Vários guerreiros partem e nenhum consegue encontrar o castelo encantado do Rei Pescador onde estaria o cálice. Este rei tem uma ferida incurável (como todos nós) que só será curada quando alguém encontrar o Graal e lhe fizer uma pergunta: “A que serve o Graal?”. Esta é a parte mais importante do mito, o símbolo que ainda estamos longe de vivenciar, que é entender que o mais importante na jornada de nossas vidas não é achar as respostas, mas sim fazer as perguntas. A verdadeira sabedoria, como dizia Sócrates, é saber que nada sabemos e que portanto devemos sempre estar em movimento, sempre à procura, sempre na busca, e a pergunta que confere significado vai mudando de fase para fase na vida, mas nunca se esgota. Assim, essa procura não é um caminhar a êsmo, mas uma circum-ambulação em torno do Espírito, em torno do Graal, do sagrado dentro de nós: o Self, segundo C.G.Jung, nosso centro ordenador da personalidade.

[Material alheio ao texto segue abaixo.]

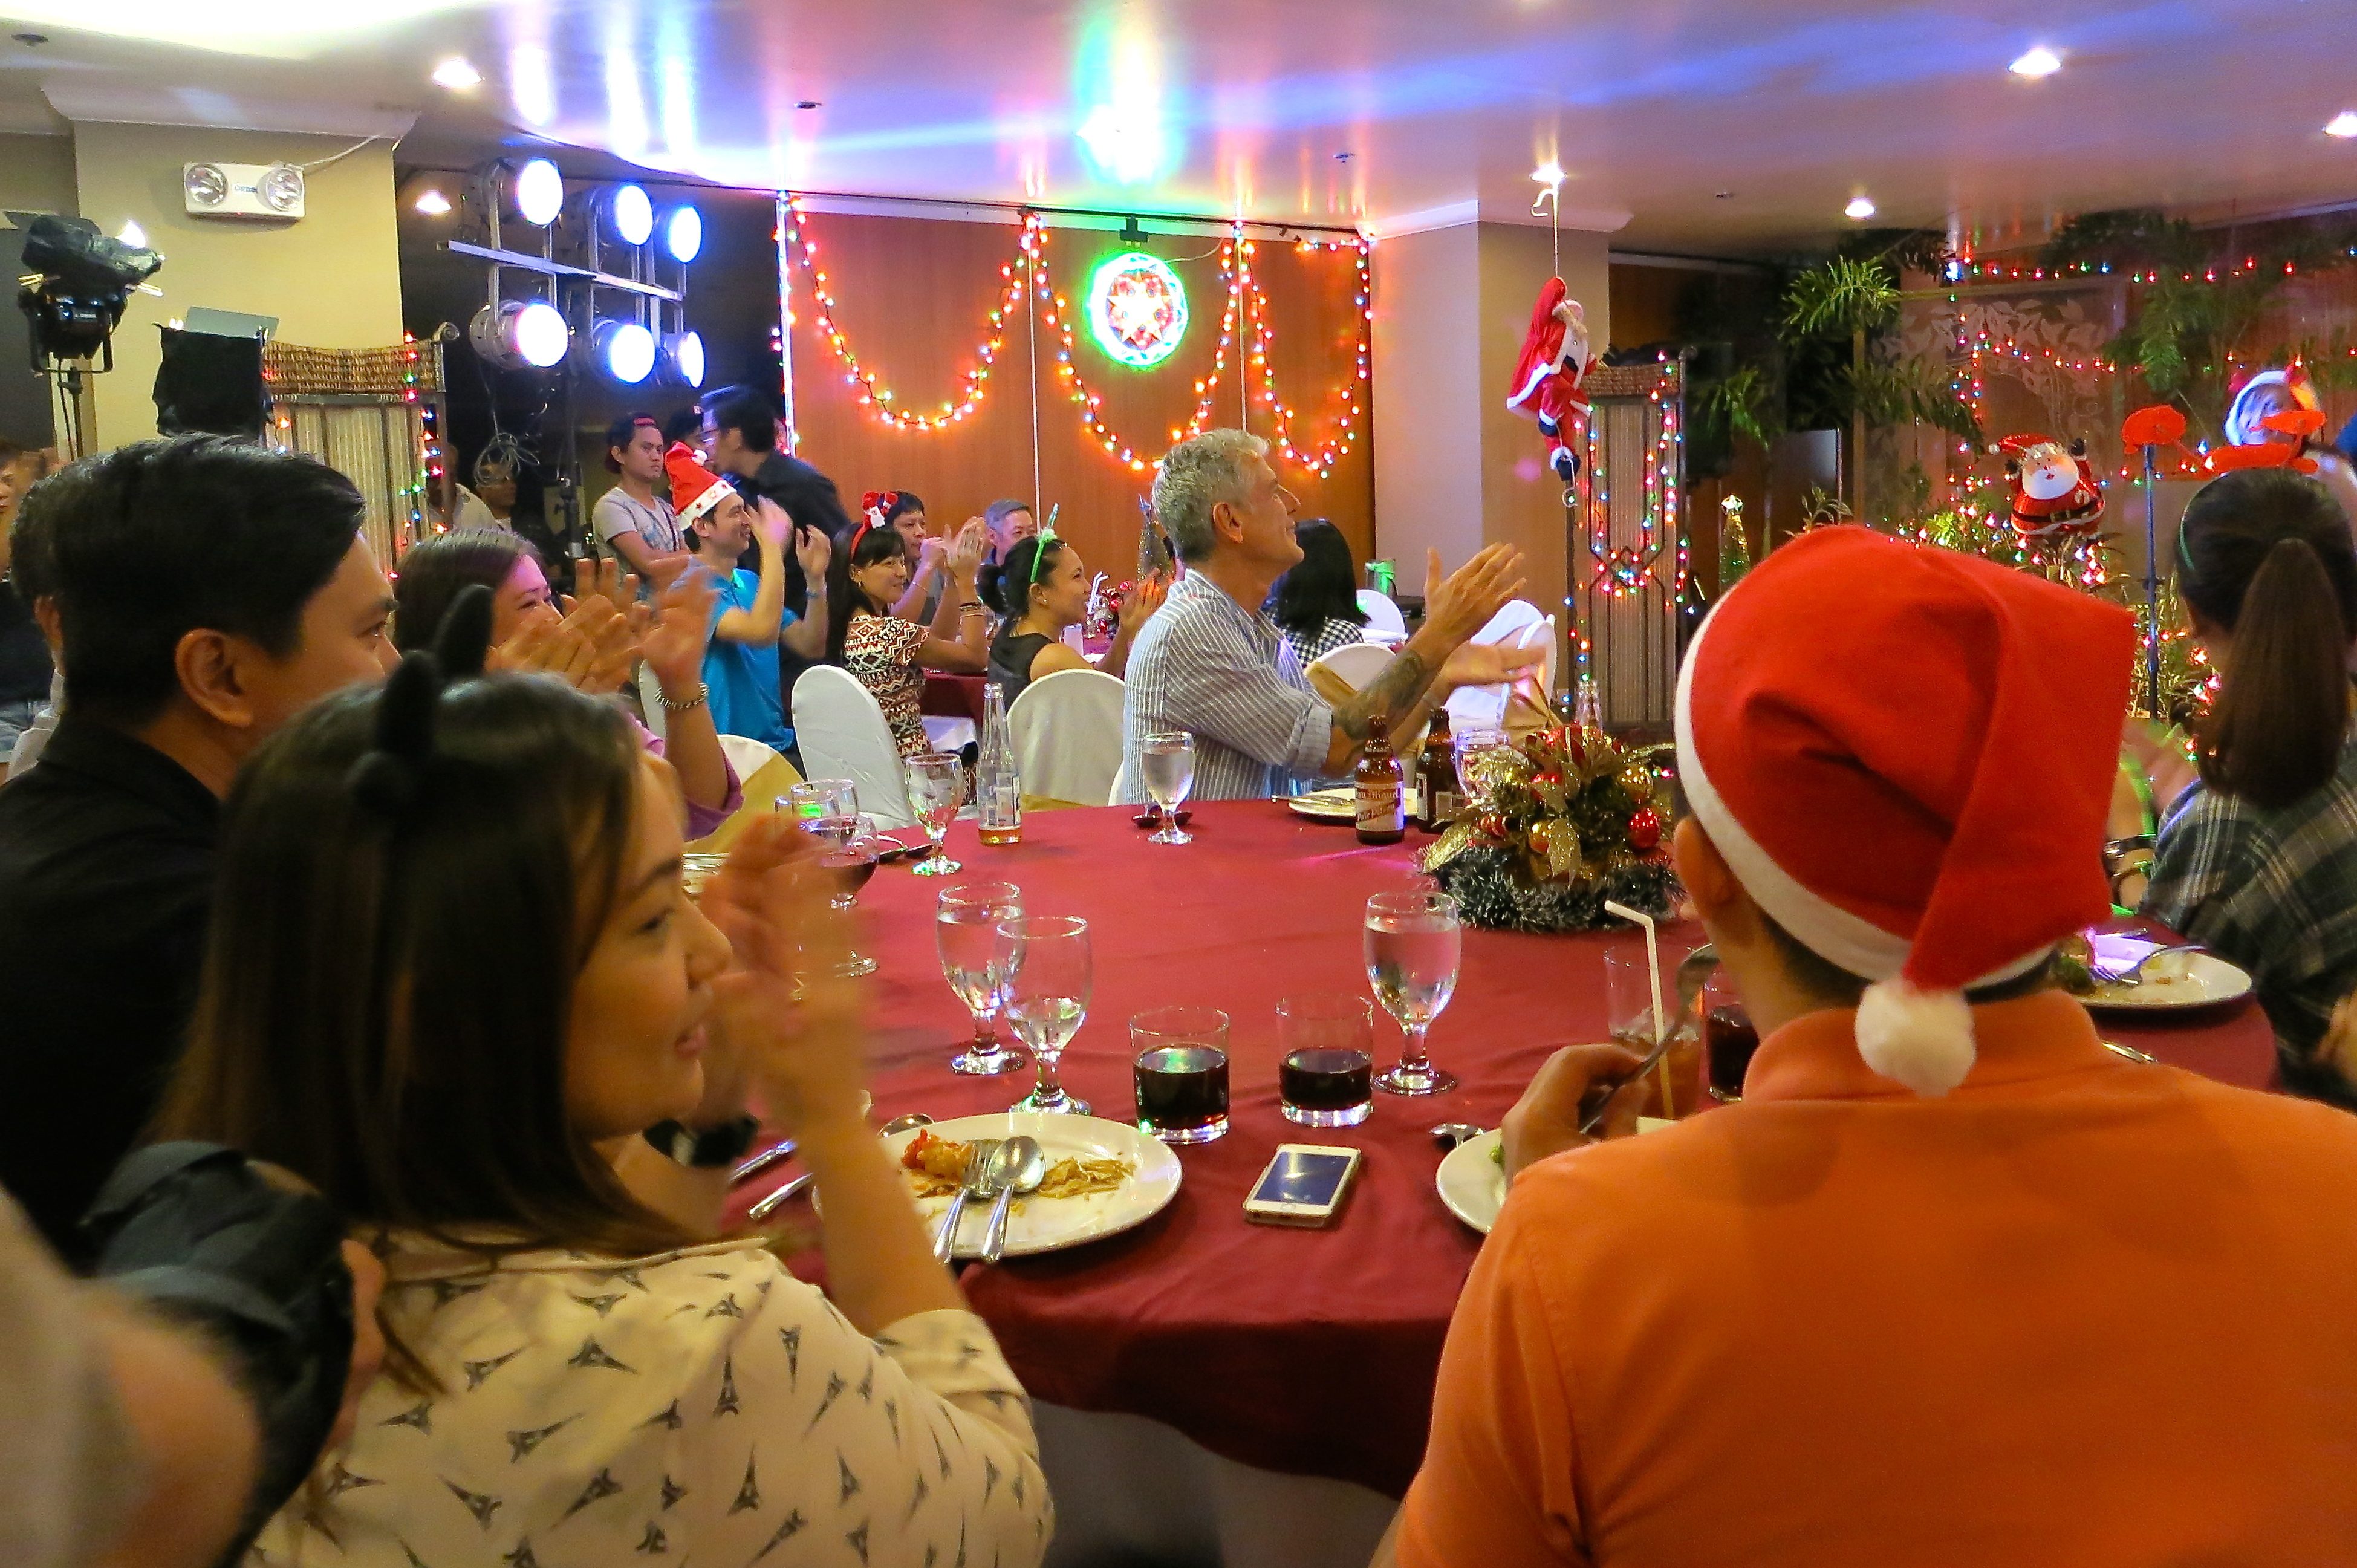 CHRISTMAS PARTY. Tony and the crowd applaud Regatta at the end of their set at a holiday office party in Manila. Photo courtesy of CNN

Essa transição do Caldeirão, para a Távola Redonda, para o Graal é uma espiral que não elimina as fases anteriores. Devemos preservar o poder da Deusa e do princípio cristão para atingir a possibilidade de comunicação com o Espírito. Uma vez realizadas essas três etapas quem sabe possamos avançar para uma quarta fase onde o Graal se transforme no vaso transbordante de Aquário? Estamos entrando exatamente na era de Aquário, onde as riquezas acumuladas e vividas através do cálice do Graal poderão ser compartilhadas com todos. A cornucópia da abundância, a eterna fonte alquímica da sabedoria, a união das polaridades cindidas: corpo-espírito, ciência-religião, masculino-feminino, etc. Se aprendermos a servir a um princípio divino dentro de nós, não mais imposto de fora, distante da nossa condição humana, mas vivido como parte integrante da nossa natureza, o próximo passo será emaná-lo como um aroma ou, nos transformando no vaso de Aquário, permitir seu fluxo ininterrupto como um rio que se funde no mar.